First, there are two supermarket pharmacies and a big retail park store. At first glance there would seem to be nothing different about them today than if you had been there in 2019. As long as you’re not there when the pharmacist is on their lunch, or late, or not there at all. To be fair, it was always so with one of the supermarkets but what was once an occasional inconvenience is now a constant across all three operators.
Even when the pharmacist is there, let’s hope you don’t need to purchase a pharmacy only medicine outside of the meagre selection they have on offer. And, no they probably won’t offer to order it in for you tomorrow, certainly not this afternoon.
Then there are three pharmacies sharing spaces in a bustling local shopping centre. A regional multiple, a national multiple and an independent in an old multiple’s space. All very different. The regional multiple appears to have given up the concept of retail and is just a waiting area, counter and dispensary, with a consultation room thrown in for good measure. It feels like they were aiming for ‘clinical’ but can’t think of anything clinical to do.
Of the other two, the national multiple hasn’t changed at all, and the aisles are starting to fill with Lynx gift sets and scented talcs in time for Christmas. The newly minted independent is closed, absent a pharmacist.

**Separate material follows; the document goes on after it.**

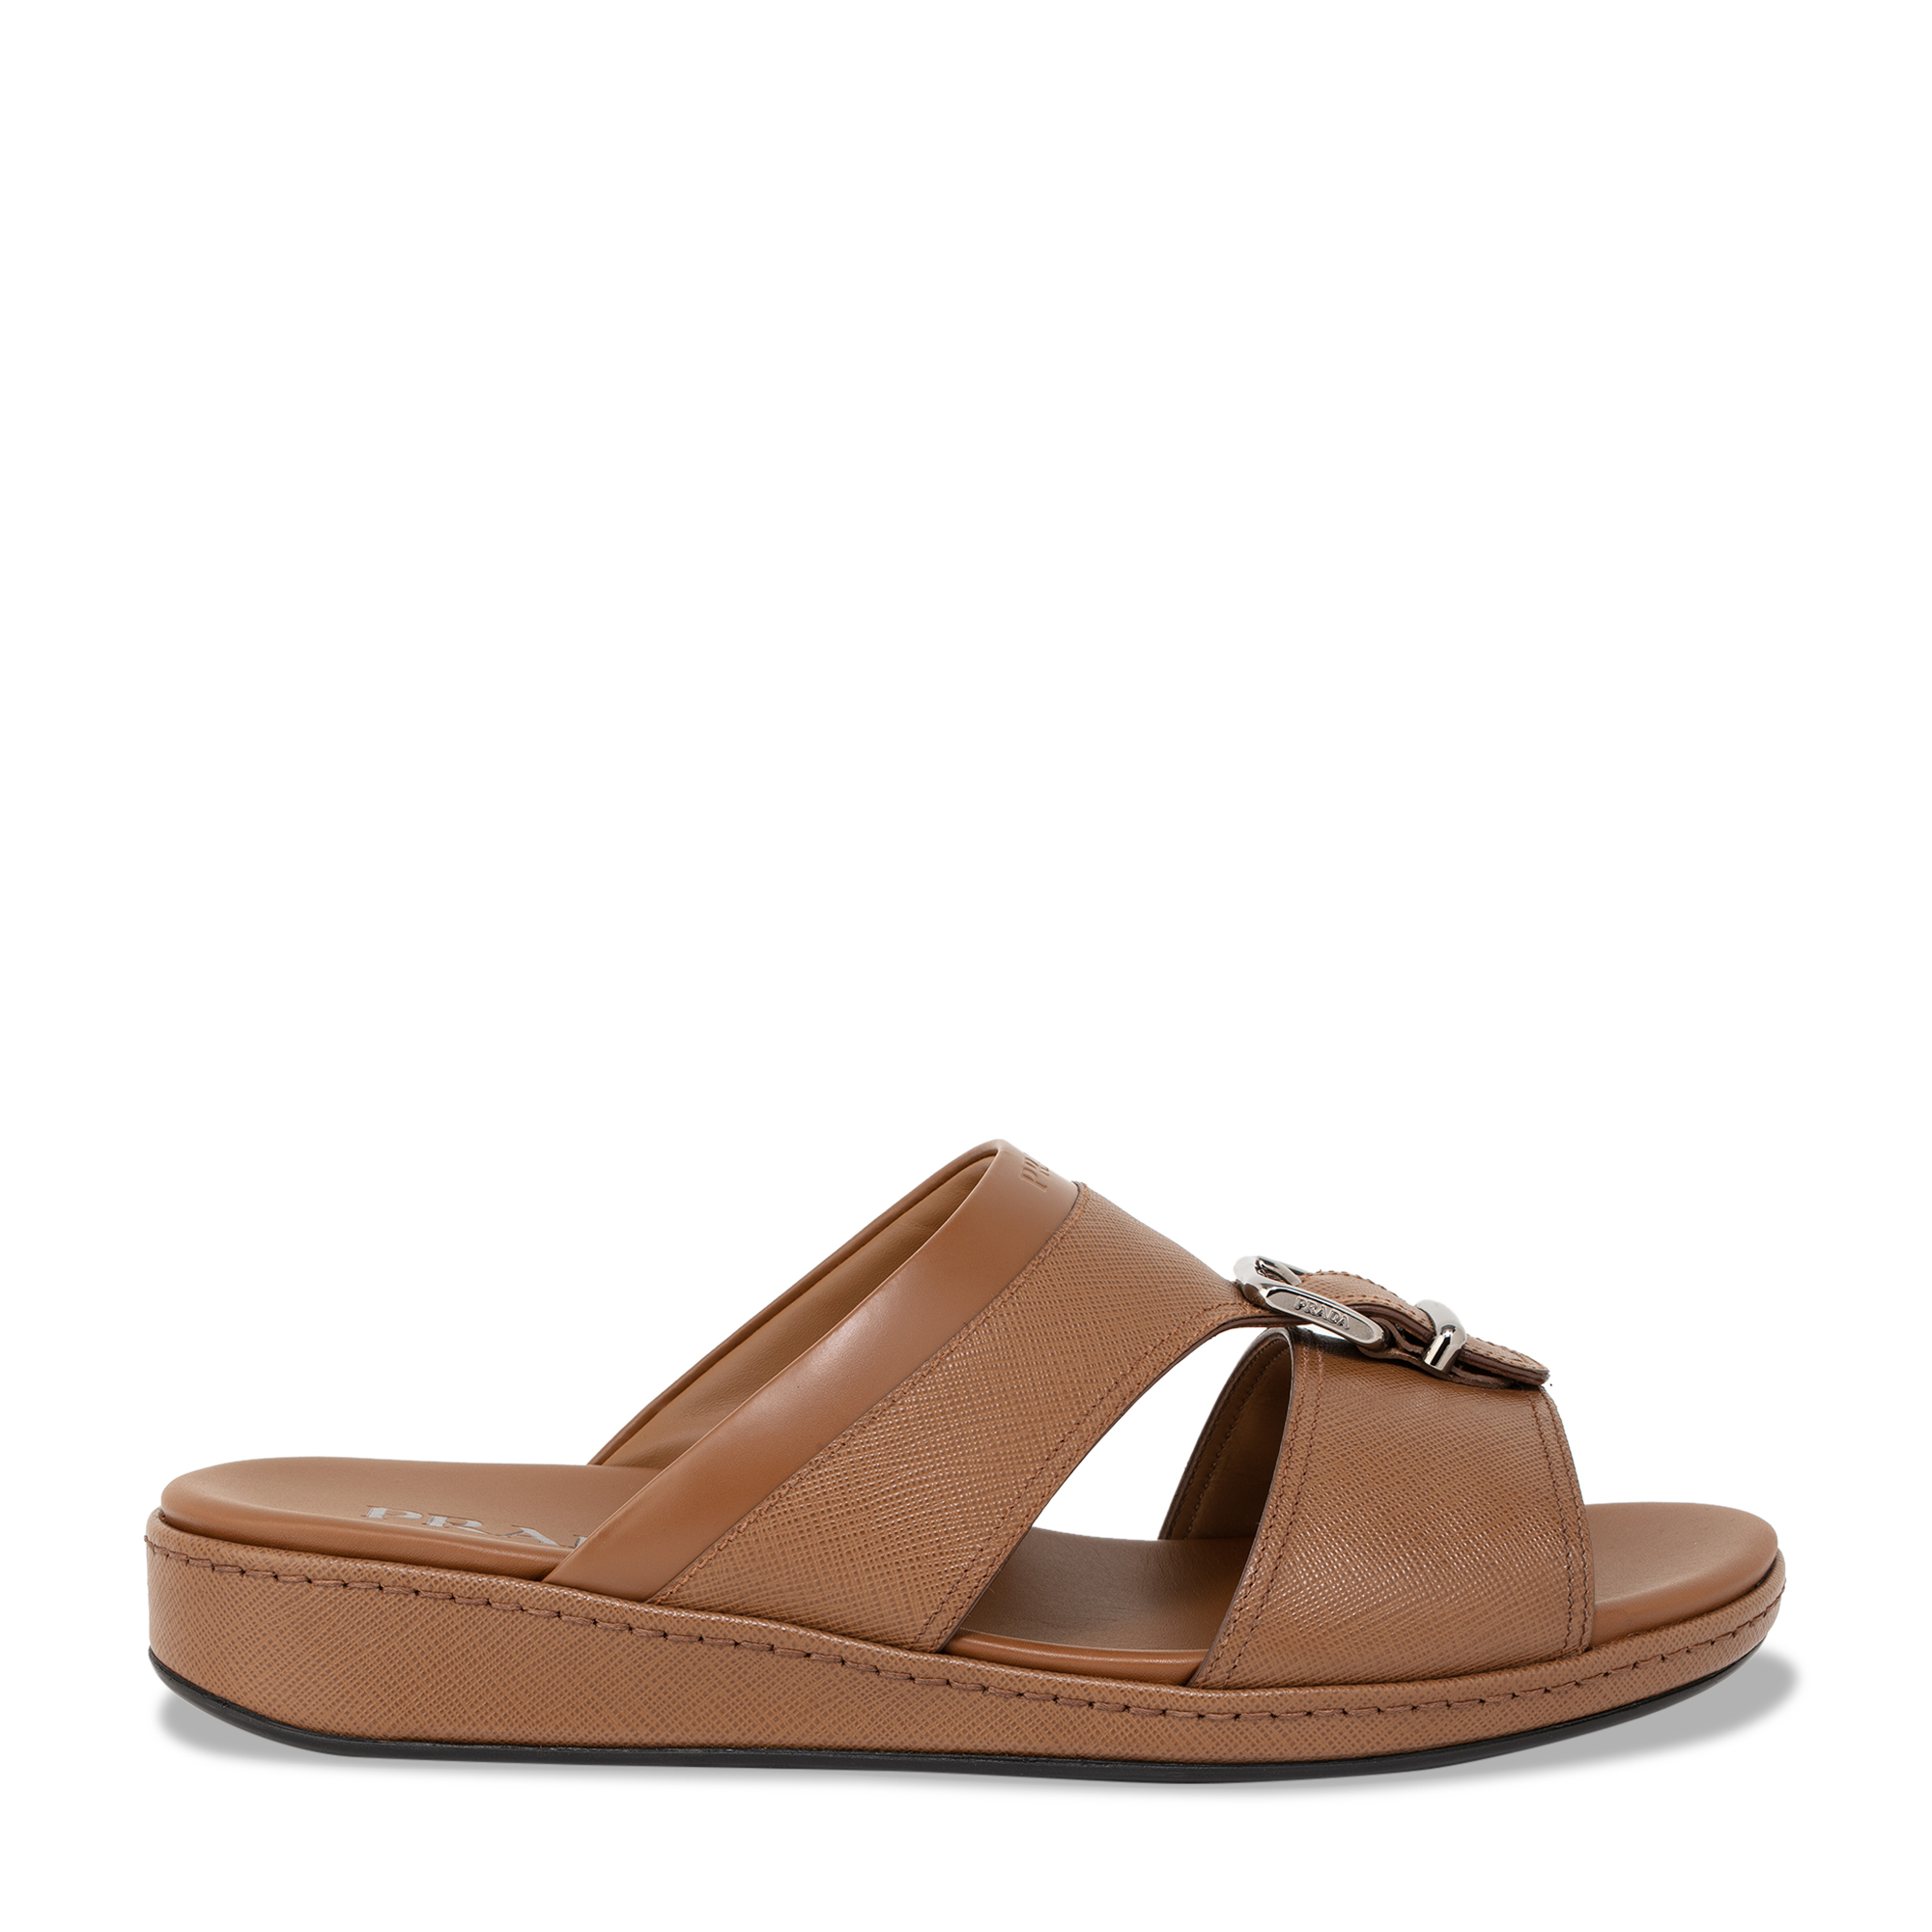 Saffiano leather sandals

Stretching my legs a little further, the story doesn’t improve. There are two bustling pharmacies in or adjacent to GP surgeries, but the remaining four are shells of what they used to be. Lacking in staff, stock and a reason to be.
The last one I visit, another ex-multiple snapped up by a small chain, has just pulled out of provided locally commissioned services to focus on dispensing. The shelves are bare and a handwritten sign in the window says “No cash”.
Thirteen becoming 12 doesn’t sound like much. But dig a little deeper and it’s more like 13 becoming seven or eight. The rest are pharmacies in name only, a shadow of what they used to be.
The new government’s mantra is that there is no money left right now, but things will get better – there will be a new NHS 10-year plan. Ask your pharmacist if they will still be there in 10 years, or whether they might be better off selling vapes and pot noodles.